As defined herein, the term “automatically” means without human intervention. As defined herein, the term “user” means a human being.
As defined herein, the term “computer-readable storage medium” means a storage medium that contains or stores program instructions for use by or in connection with an instruction execution system, apparatus, or device. As defined herein, a “computer-readable storage medium” is not a transitory, propagating signal per se. The various forms of memory, as described herein, are examples of computer-readable storage media. A non-exhaustive list of examples of computer-readable storage media include an electronic storage device, a magnetic storage device, an optical storage device, an electromagnetic storage device, a semiconductor storage device, or any suitable combination of the foregoing. A non-exhaustive list of more specific examples of a computer-readable storage medium may include: a portable computer diskette, a hard disk, a RAM, a read-only memory (ROM), an erasable programmable read-only memory (EPROM or Flash memory), an electronically erasable programmable read-only memory (EEPROM), a static random-access memory (SRAM), a portable compact disc read-only memory (CD-ROM), a digital versatile disk (DVD), a memory stick, a floppy disk, or the like.

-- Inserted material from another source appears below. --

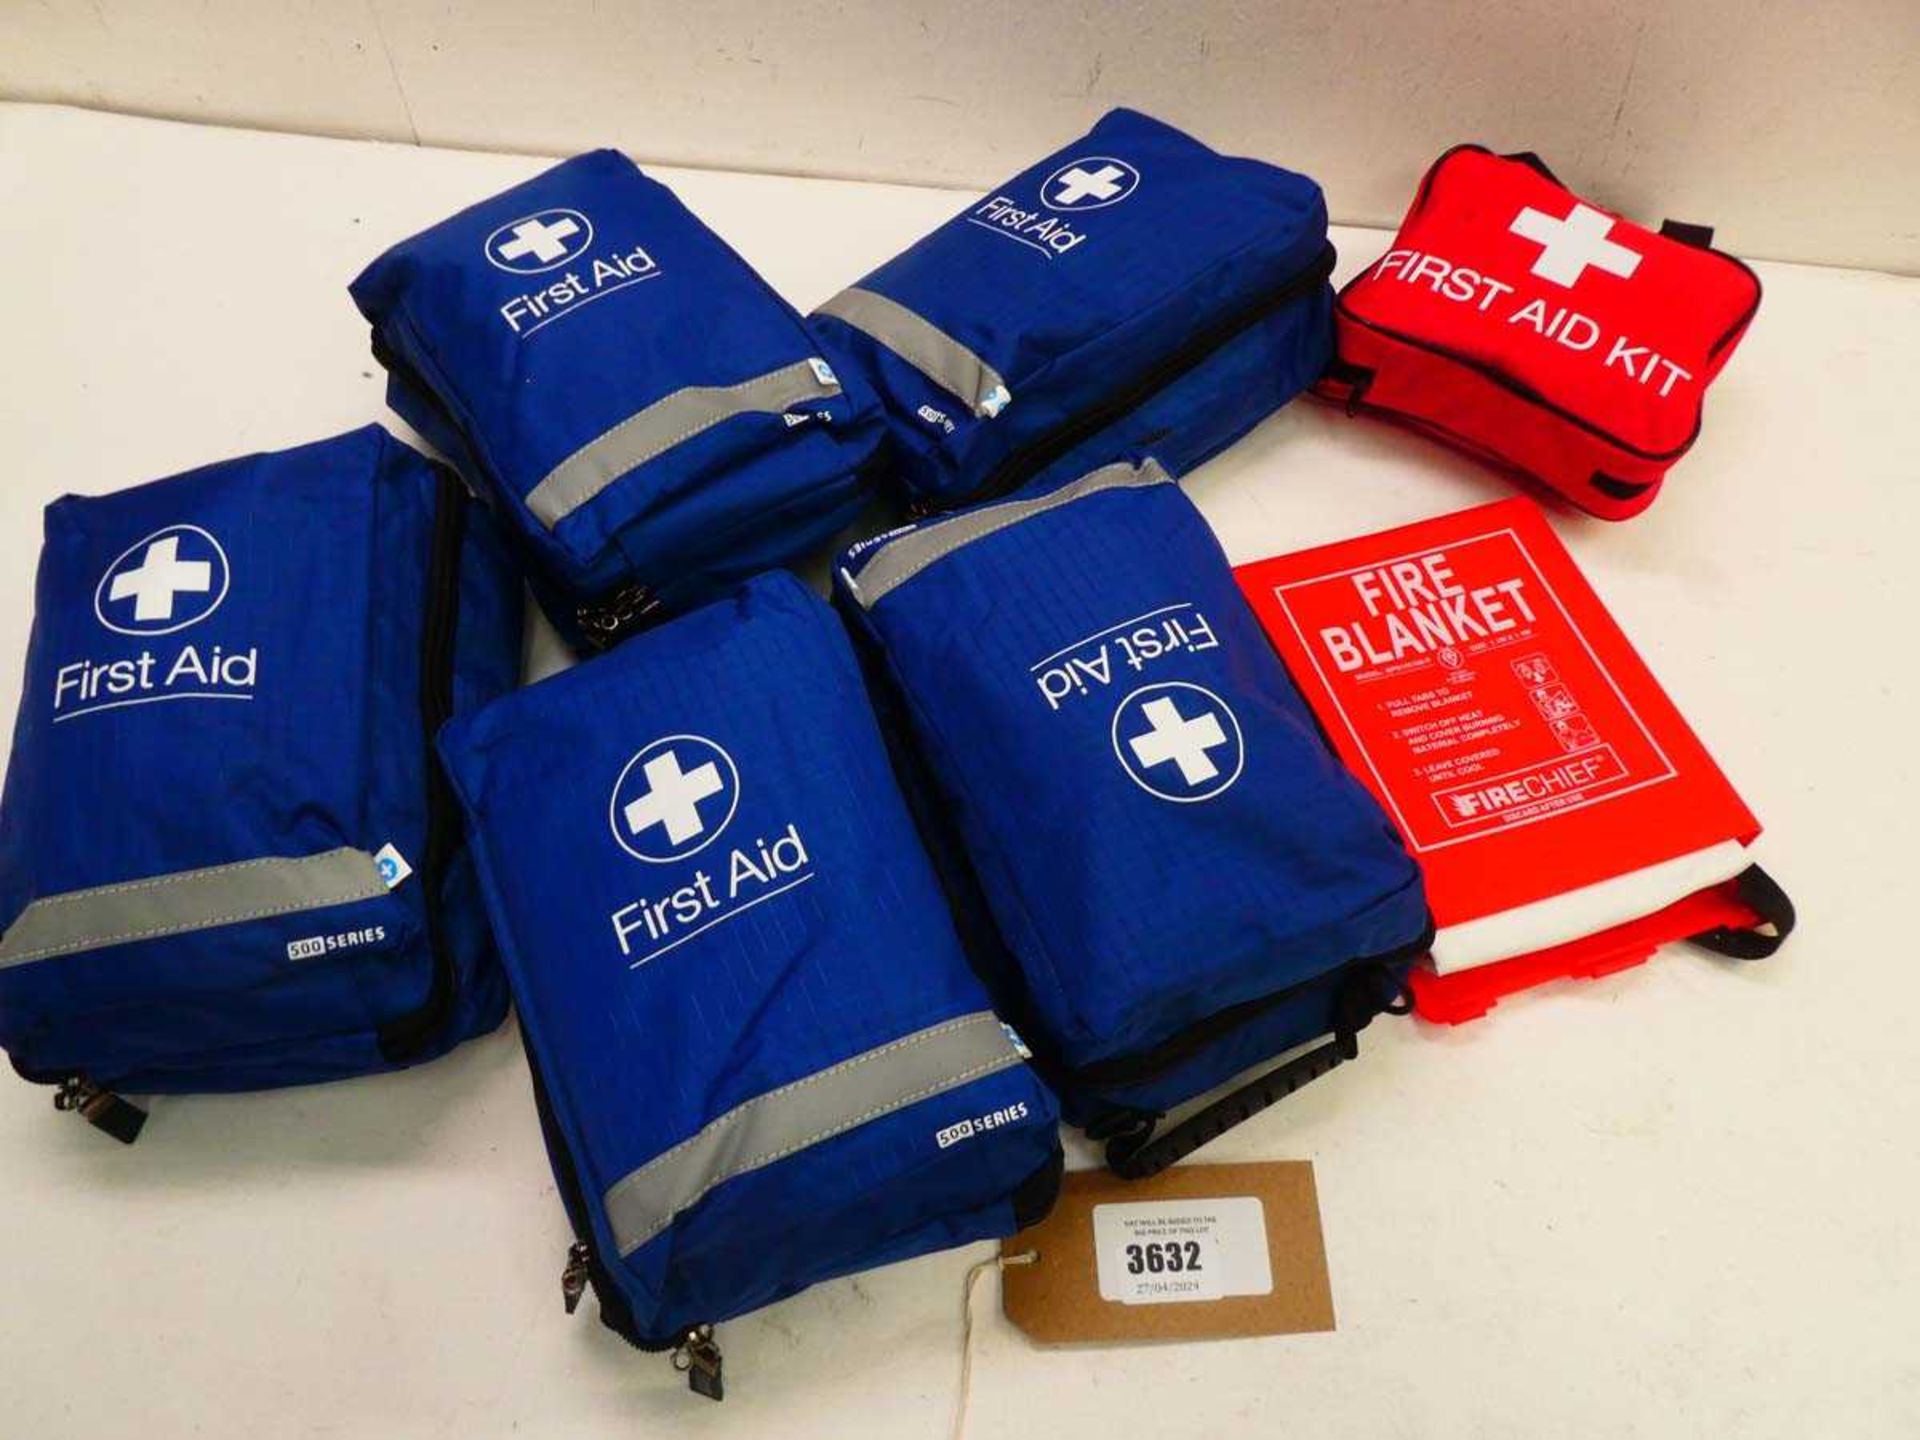 +VAT Various first aid kits plus a fire blanket

As defined herein, the term “if” means “when” or “upon” or “in response to” or “responsive to,” depending upon the context. Thus, the phrase “if it is determined” or “if [a stated condition or event] is detected” may be construed to mean “upon determining” or “in response to determining” or “upon detecting [the stated condition or event]” or “in response to detecting [the stated condition or event]” or “responsive to detecting [the stated condition or event]” depending on the context.
As defined herein, the term “responsive to” and similar language as described above, e.g., “if,” “when,” or “upon,” means responding or reacting readily to an action or event. The response or reaction is performed automatically. Thus, if a second action is performed “responsive to” a first action, there is a causal relationship between an occurrence of the first action and an occurrence of the second action. The term “responsive to” indicates the causal relationship.
As defined herein, the term “soft” in reference to a circuit means that the circuit is implemented in programmable logic or programmable circuitry. Thus, a “soft processor” means at least one circuit implemented in programmable circuitry that is capable of carrying out instructions embodied as program instructions.
As defined herein, the term “output” means storing in physical memory elements, e.g., devices, writing to display or other peripheral output device, sending or transmitting to another system, exporting, or the like.
As defined herein, the term “real-time” means a level of processing responsiveness that a user or system senses as sufficiently immediate for a particular process or determination to be made, or that enables the processor to keep up with some external process.
As defined herein, the term “substantially” means that the recited characteristic, parameter, or value need not be achieved exactly, but that deviations or variations, including for example, tolerances, measurement error, measurement accuracy limitations, and other factors known to those of skill in the art, may occur in amounts that do not preclude the effect the characteristic was intended to provide.
The terms first, second, etc. may be used herein to describe various elements. These elements should not be limited by these terms, as these terms are only used to distinguish one element from another unless stated otherwise or the context clearly indicates otherwise.
A computer program product may include a computer-readable storage medium (or media) having computer-readable program instructions thereon for causing a processor to carry out aspects of the inventive arrangements described herein. Within this disclosure, the term “program code” is used interchangeably with the term “program instructions.” Computer-readable program instructions described herein may be downloaded to respective computing/processing devices from a computer-readable storage medium or to an external computer or external storage device via a network, for example, the Internet, a LAN, a WAN and/or a wireless network. The network may include copper transmission cables, optical transmission fibers, wireless transmission, routers, firewalls, switches, gateway computers and/or edge devices including edge servers. A network adapter card or network interface in each computing/processing device receives computer-readable program instructions from the network and forwards the computer-readable program instructions for storage in a computer-readable storage medium within the respective computing/processing device.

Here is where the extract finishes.